Provided material:
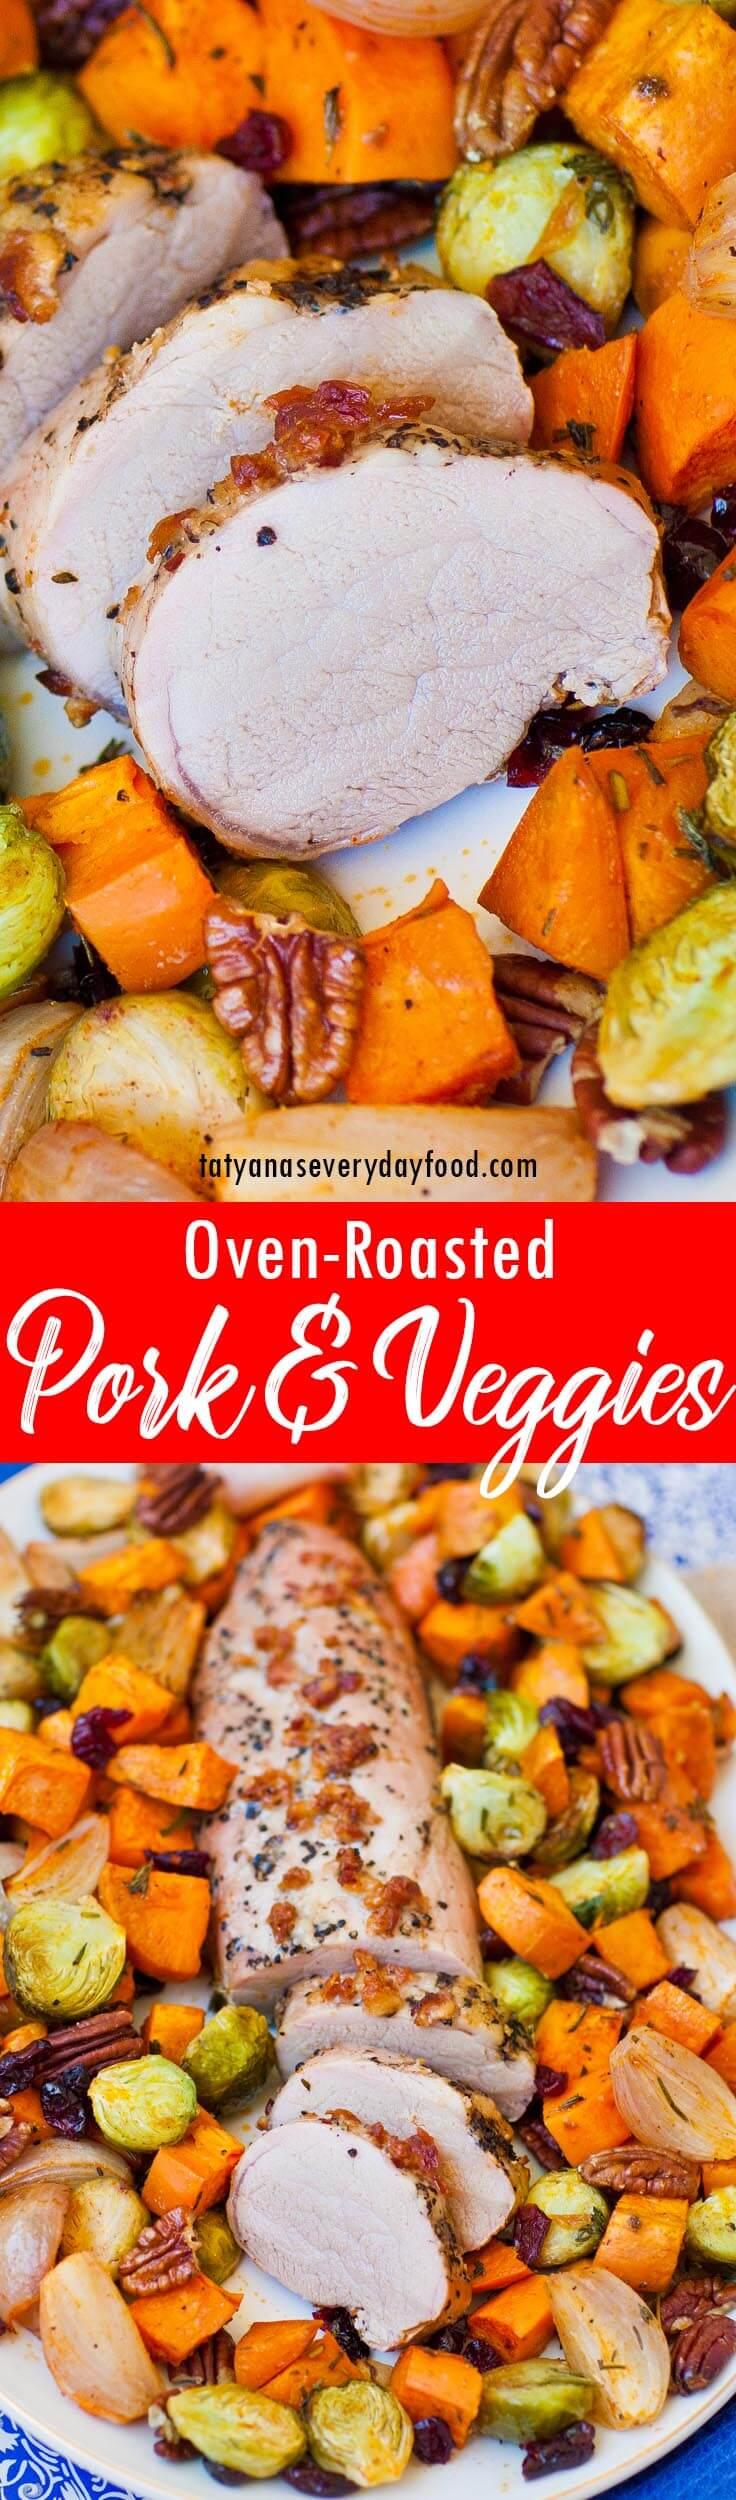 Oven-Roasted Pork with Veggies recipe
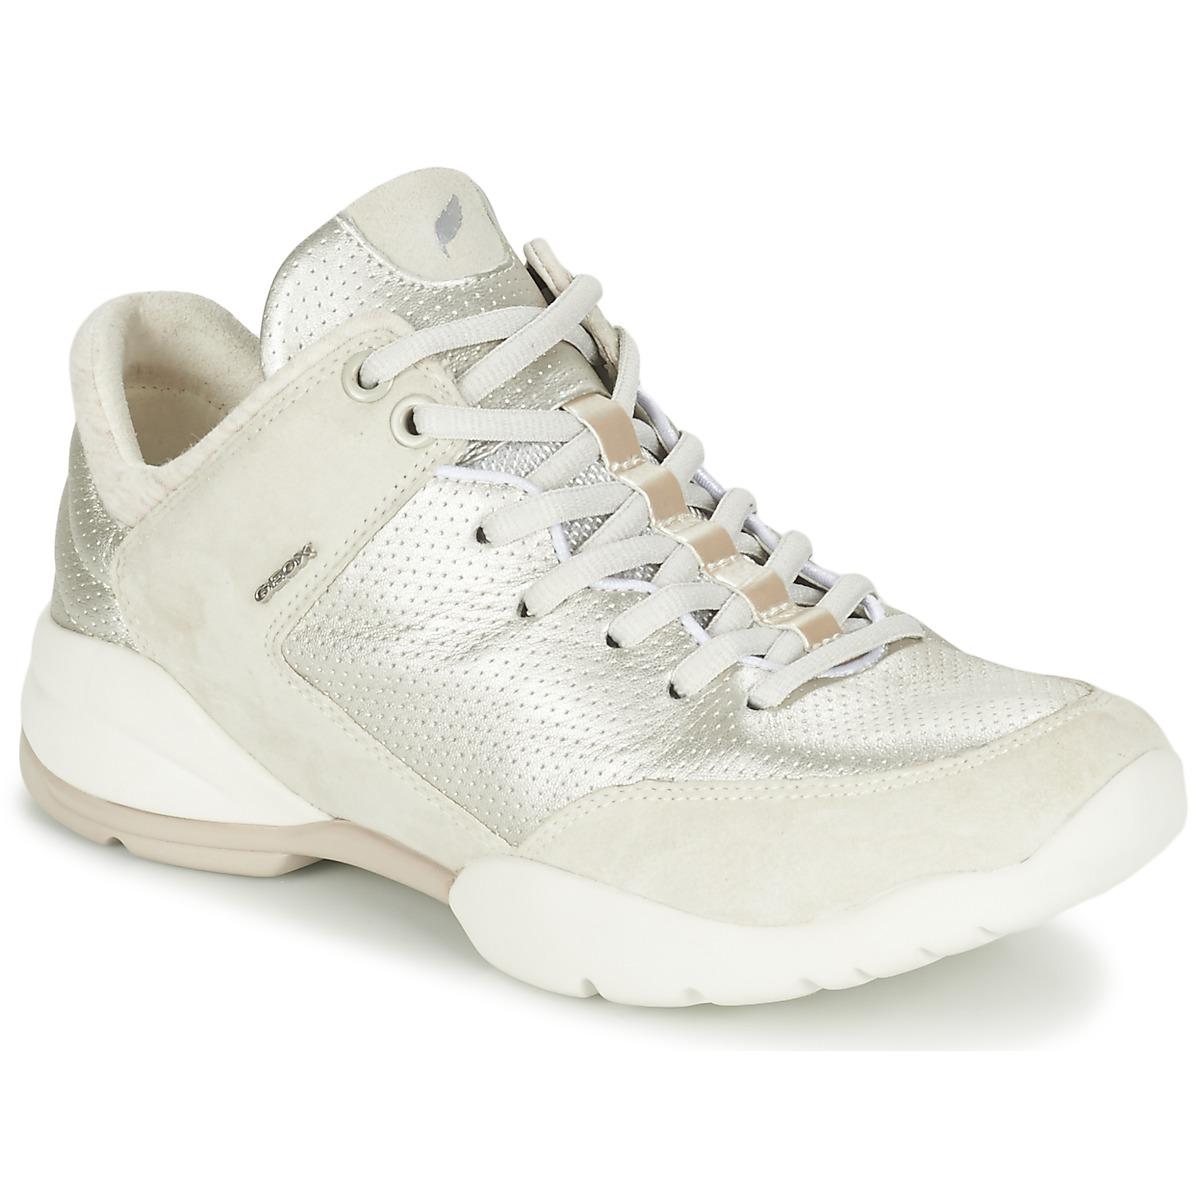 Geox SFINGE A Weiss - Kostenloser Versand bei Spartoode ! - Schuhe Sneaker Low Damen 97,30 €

* * *

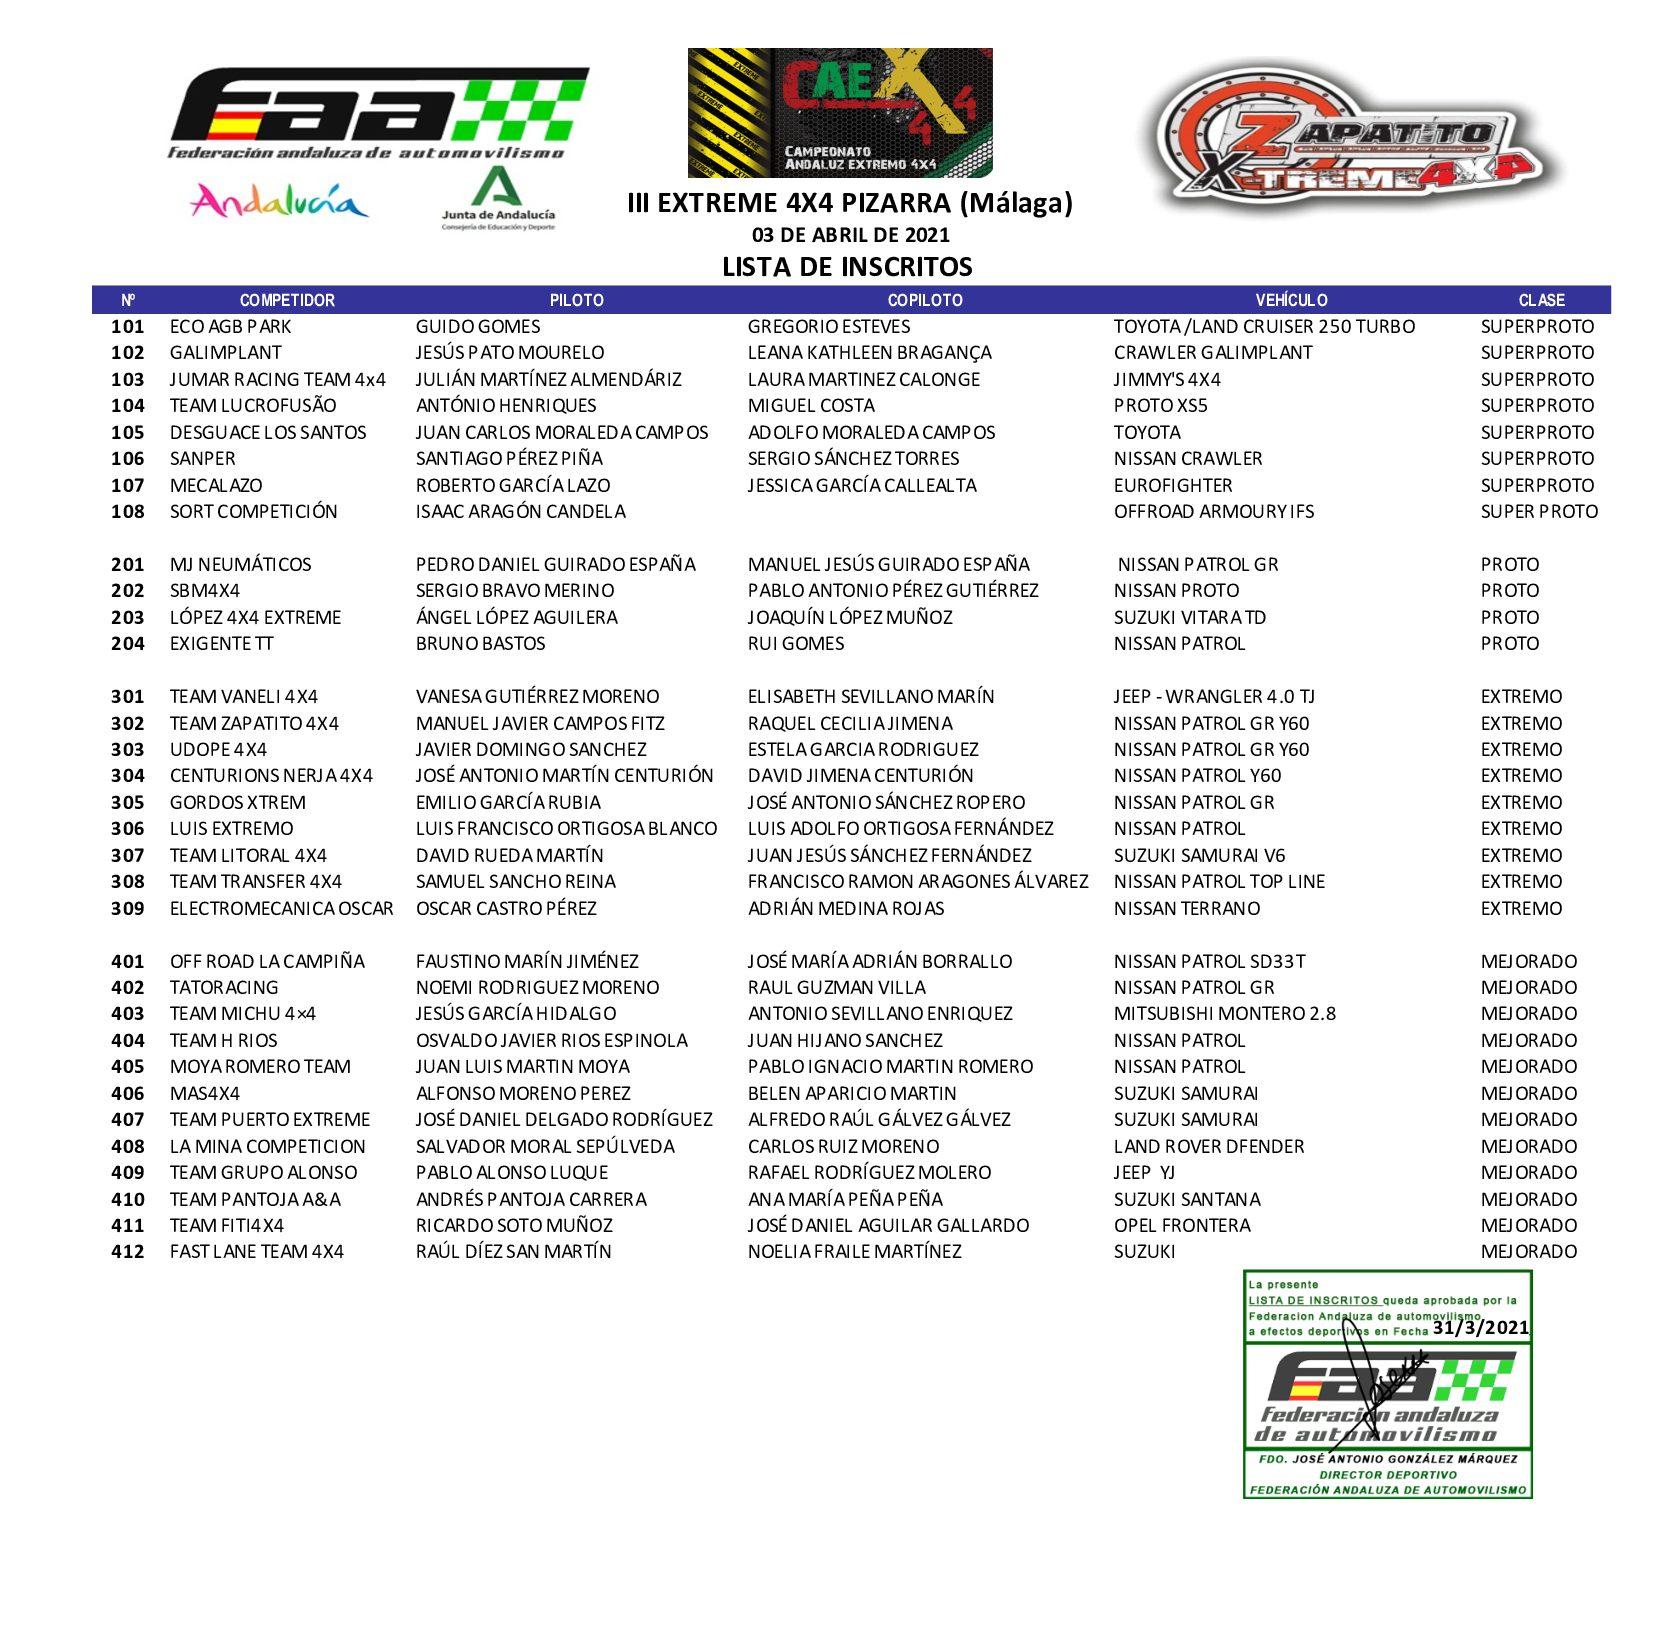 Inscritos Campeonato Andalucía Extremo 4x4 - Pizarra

Assigned task: Word for word, write out the lines above running from the one with "Oven-Roasted Pork with Veggies recipe" up to and including the one with "Geox SFINGE A". Drop any picture.

Exercise result:
 Oven-Roasted Pork with Veggies recipe
 Geox SFINGE A Weiss - Kostenloser Versand bei Spartoode ! - Schuhe Sneaker Low Damen 97,30 €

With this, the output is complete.